As I predicted the house would fall back into shambles, it's not like the upstairs ever got better. Should I question my standard of living? Everyday I come home to this mess and I just get depressed. Everything piles up everywhere, kids stuff her stuff and a little of my stuff gets thrown into the mix. It took me a few minutes to run through all the piles and pick out what was mine and there wasn't even a dent in the mess. I'm working ~50hrs and if you add on my 2hr commute it comes to ~60hrs a week. She's works 20hrs and complains that it's non-stop with the kids who I find does nothing but play video games when not doing home work or at school. She places 50% of the blame on me for the kids in-ability to complete home work, keep there stuff clean or adhere to some rules regarding time on the computer, Wii, Xbox, gameboy, etc... 

So I'm expecting her to clean-up the mess again, keep the house neat for some undisclosed length of time an then slip back into OMG don't let anyone see this. 

I don't think I'm a neat freak just want decent place to hang my hat at the end of the day. Is that too much to ask for? IF she would just pick up after herself and disciplined the kids to do the same then it wouldn't be so bad. 

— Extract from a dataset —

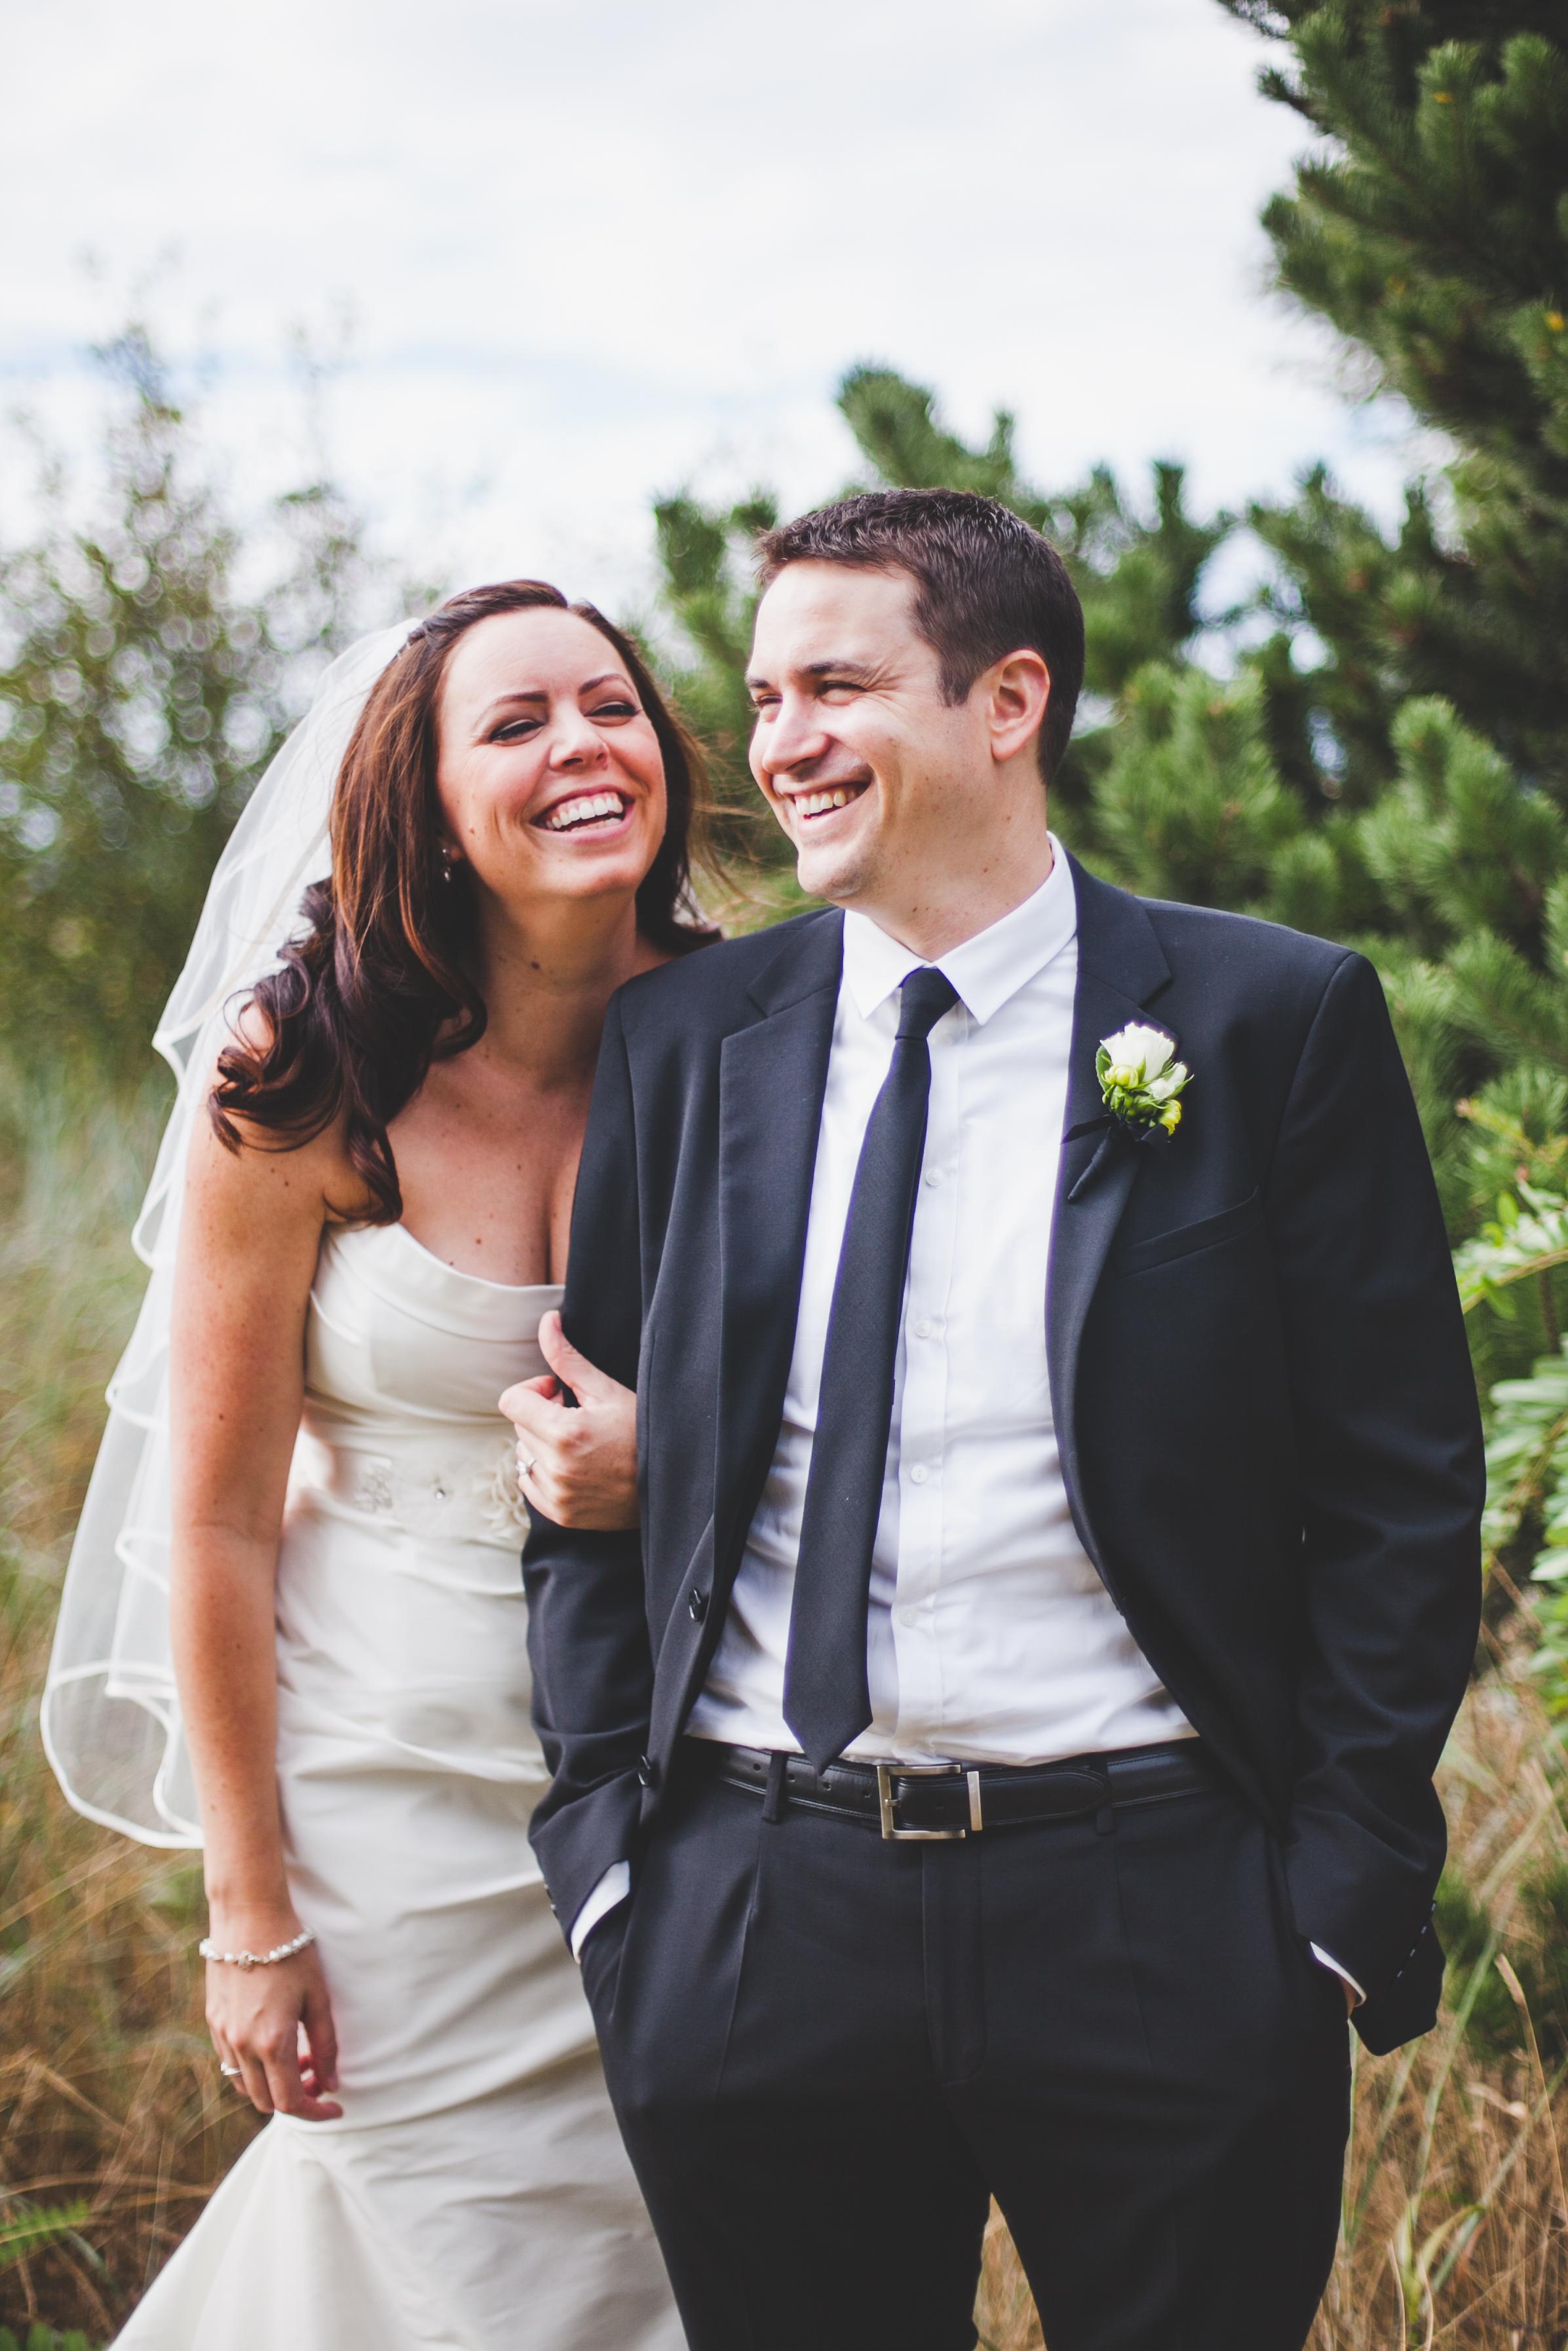 Wedding images for Jodie and Ryan. August 23, 2013 at Golden Gardens Bathhouse (Ballard) Seattle, WA.

Where should the balance be? Should it be her primary responsibility to provide direction to the kids regarding home work, time on the computer/games? I have no problem enforcing this when I'm home and we've been to the seminars telling us what is good balance for the kids.

What about the piles of crap that keep piling up? Yes, a good majority of it is the kids stuff and again I would ask who should take the primary responsibility? Again, I have no problem with doing my part but by the time I get home there's little time before the kids are getting ready for bed. How on earth can I make an impact? 

Oh.. there's always the weekend. You know, that time when you should be resting or on Sunday having time for the good lord. 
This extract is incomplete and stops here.